GST has the following implications on India’s federal structure:

  • It resulted in the passing of four laws-Central GST, Interstate GST, State GST and Compensation Law affecting the federal distribution of financial powers.
  • It created a new institution promoting cooperative federalism in the form of GST Council.
  • Improves synchronization between states and between state-centre.
  • It redistributes indirect tax enforcement authority between the states and the centre.
  • The uniform taxation throughout all the states will strengthen federal structure with free movements of goods and services within the states.
  • It will reduce regional disparity as the price of the product will be uniform throughout the country.

What are the suggestions?

  • It may be worth reconsidering these rates and bringing them down to the 5 per cent slab for stronger linkages between farmers and the food processing industry and creating jobs in rural areas.
  • Since the raw material could be sourced directly from farmers instead of being entirely depending on middlemen in mandis, e-NAM provides this opportunity to graduate to a real pan-India market for agricultural products.
  • GST would ensure that farmers in India, who contribute the most to GDP, will be able to sell their produce for the best available price.
  • A smooth GST regime can break inter-state barriers on movement and facilitate direct linkages between processors and farmers. This can transform the operations of mandis too if other necessary reforms to free up agricultural markets are undertaken.
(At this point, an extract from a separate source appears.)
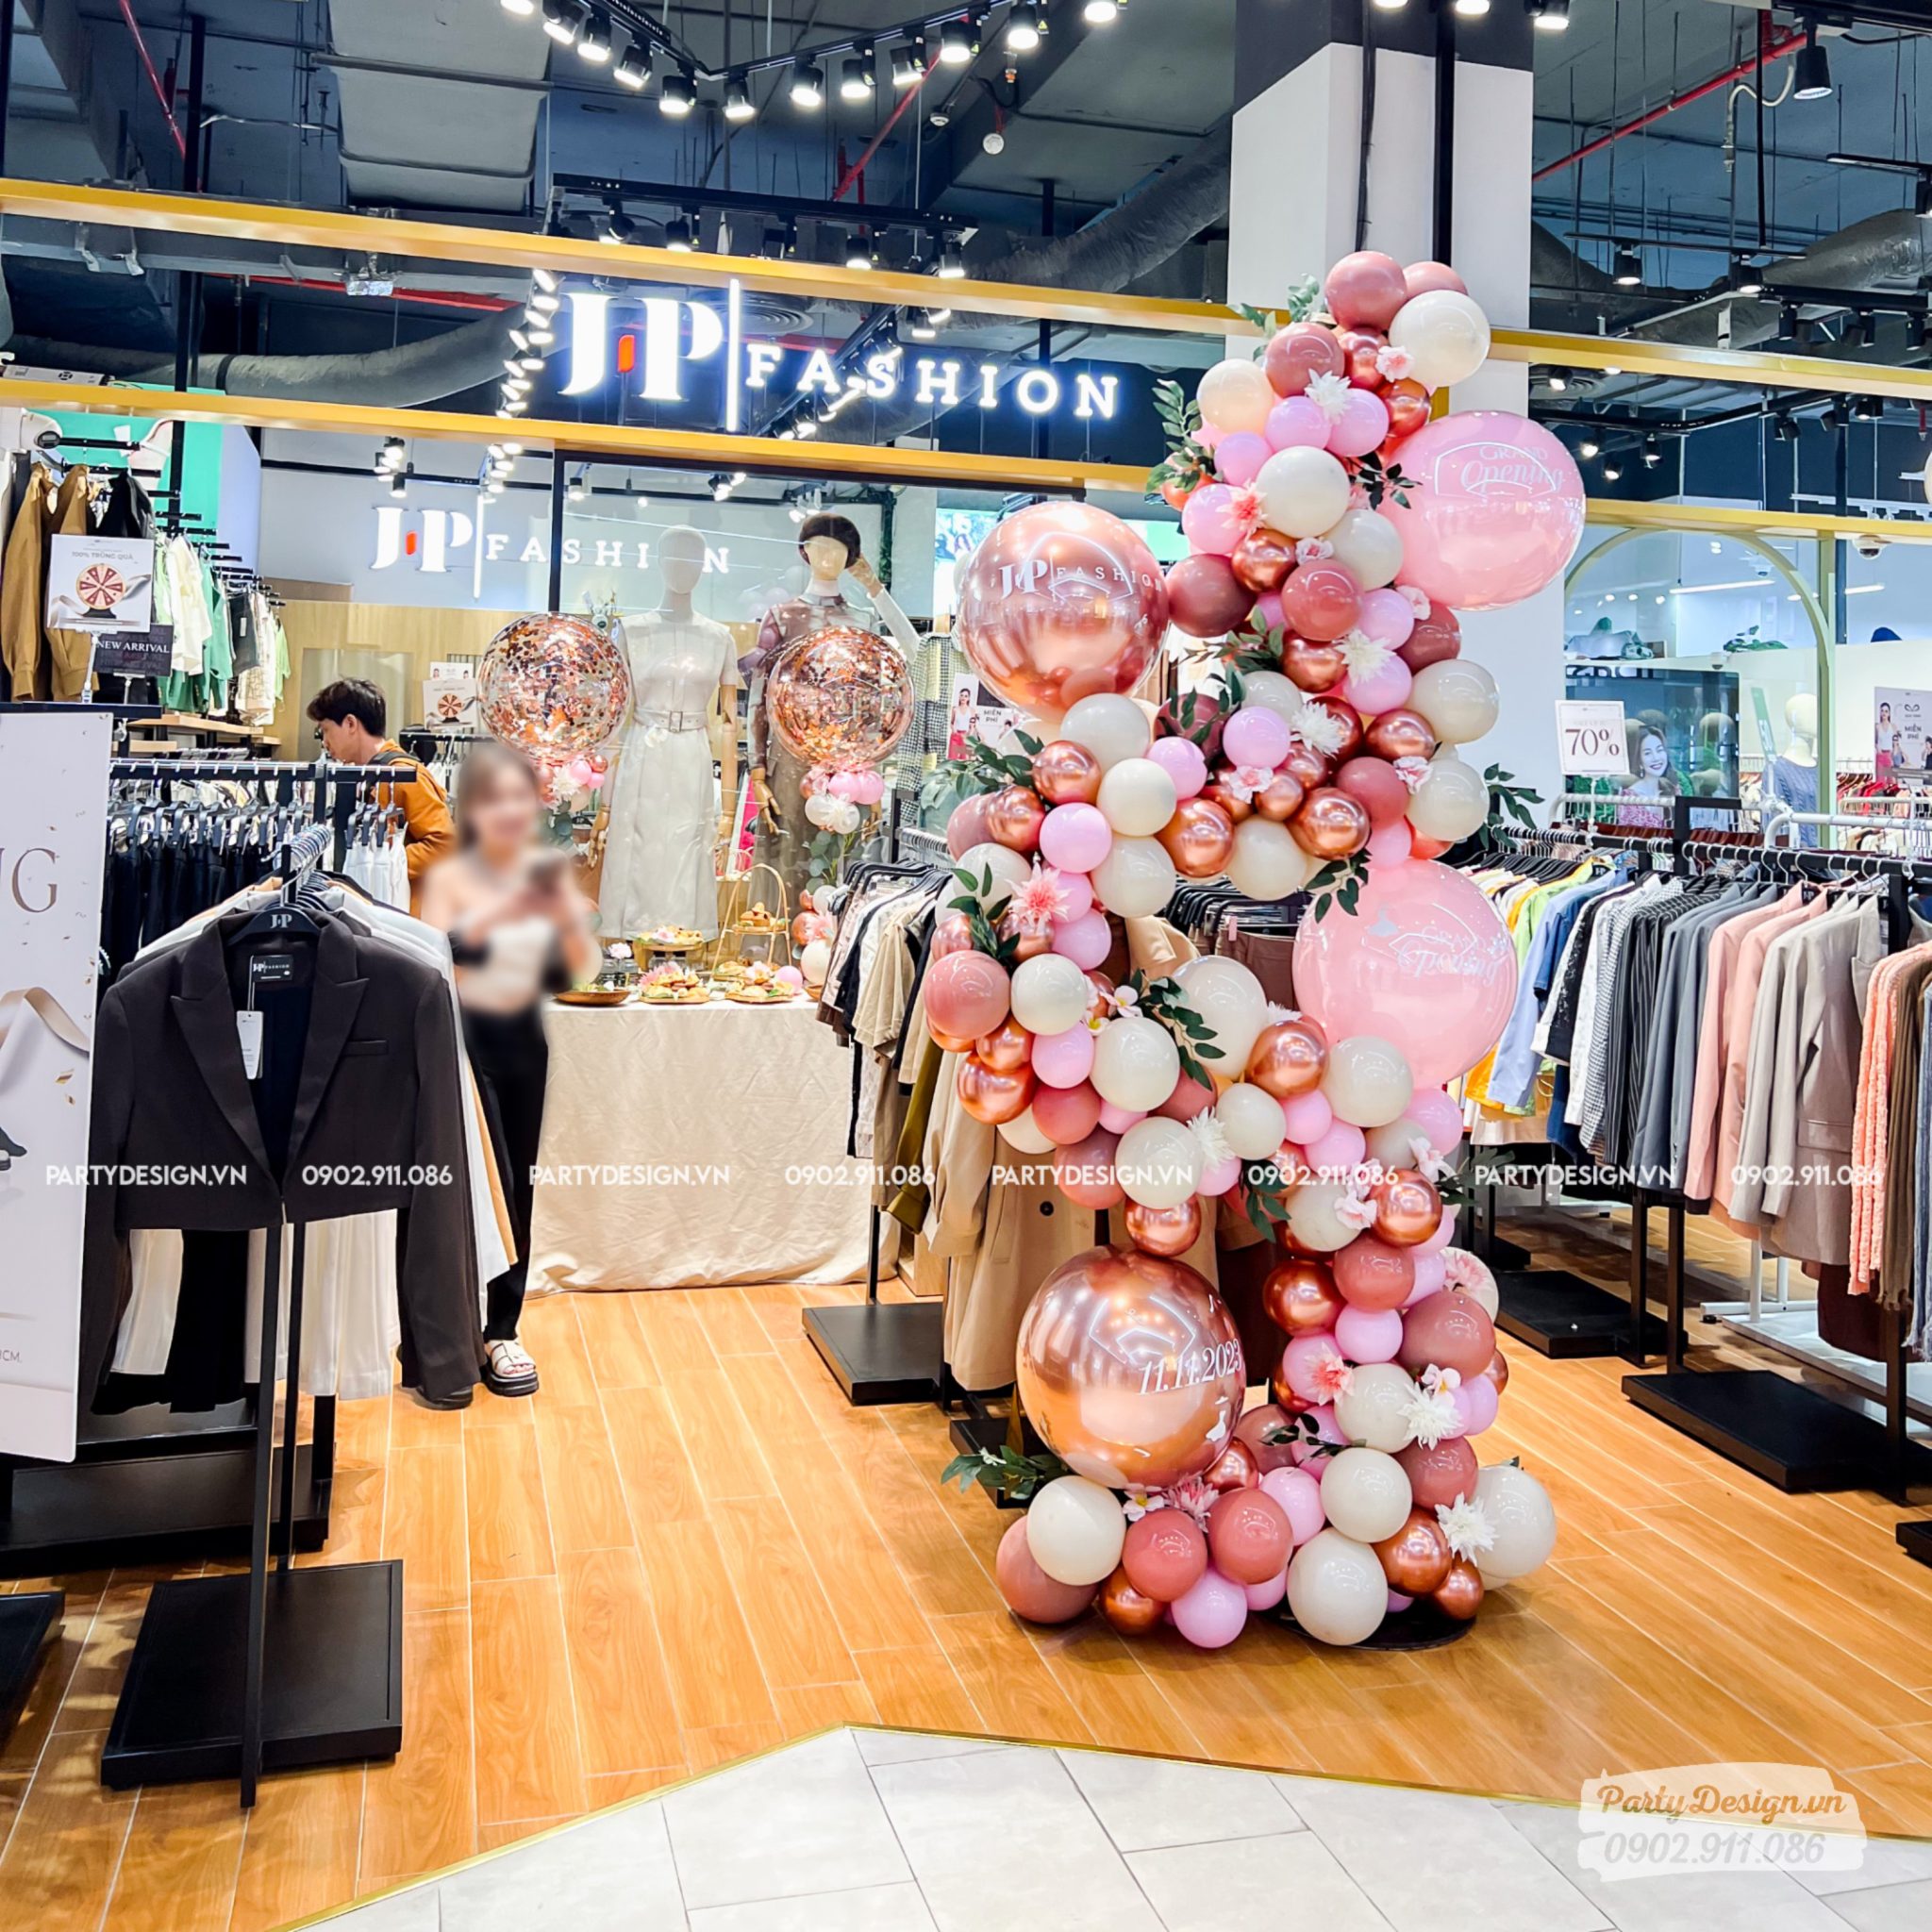 Trang trí khai trương cửa hàng J-P Fashion theo kiểu đơn giản với trụ bong bóng cách điệu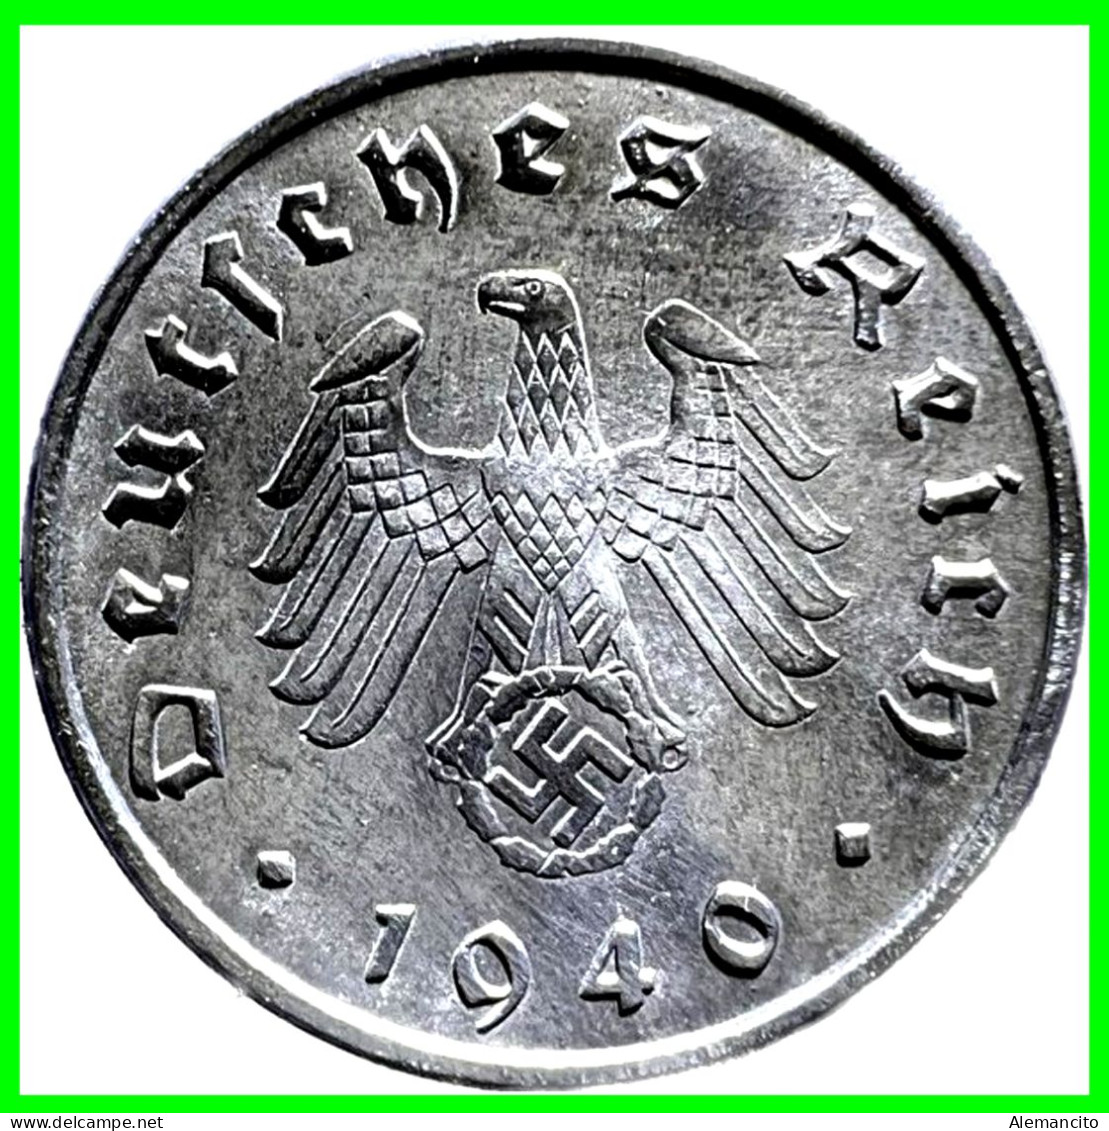 ALEMANIA - GERMANY SERIE DE 7 MONEDAS DE 10 REICHSPFNNIG TERCER REICHS ( AÑO 1940 CECAS - A - B -D - E - F - G - J ) - 10 Reichspfennig

What are the current updates on GST?

  • The President has promulgated an ordinance enabling an increase in the goods and services tax (GST) cess on motor vehicles, including medium-sized cars, large cars and sports utility vehicles (SUVs), from 15% to 25%.
  • The GST (Compensation to States) Amendment Ordinance, 2017 has amended the law to raise the maximum cess that can be levied on cars to 25%.
  • With GST collection going for a toss, the government may soon be sending notices to several firms on transitional tax credit being claimed back
  • The indirect tax body Central Board of Excise and Customs (CBEC) had earlier issued a directive to tax commissioners to verify GST transitional credit claims of over Rs 1 crore made by 162 entities.
  • The government received a rude shock with a whopping Rs 65,000 crore of the Rs 95,000 crore collected as GST in July being claimed back as transitional credit by taxpayers.
  • The Goods and Services Tax (GST) regime allows tax credit on stock purchased during the previous tax regime.

Other updates:

  • Recently, Committee on Exports to resolve the Tax credit refund issue of exporters

What is the issue all about?

  • Exporters were expecting the Integrated GST (IGST) refund or refund of input tax credit (ITC) in August, 2017 for the exports made during July.
  • The filing of (GST returns) GSTR-1, 2 and 3 for July has been extended tillOctober 10, October 31 and November 10, respectively.
  • Exporters will not be able to get the refund by November.

Why is there skepticism?

  • Considering 15 days for issuance of acknowledgement and another seven days for getting provisional refund of 90% of the total refund claim – Technically, the exporters would have to wait till around December.
  • The blocked amount for the four months’ time is estimated to be about $10 billion.
  • If the issue is not handled in urgent basis, it could lead to huge job losses.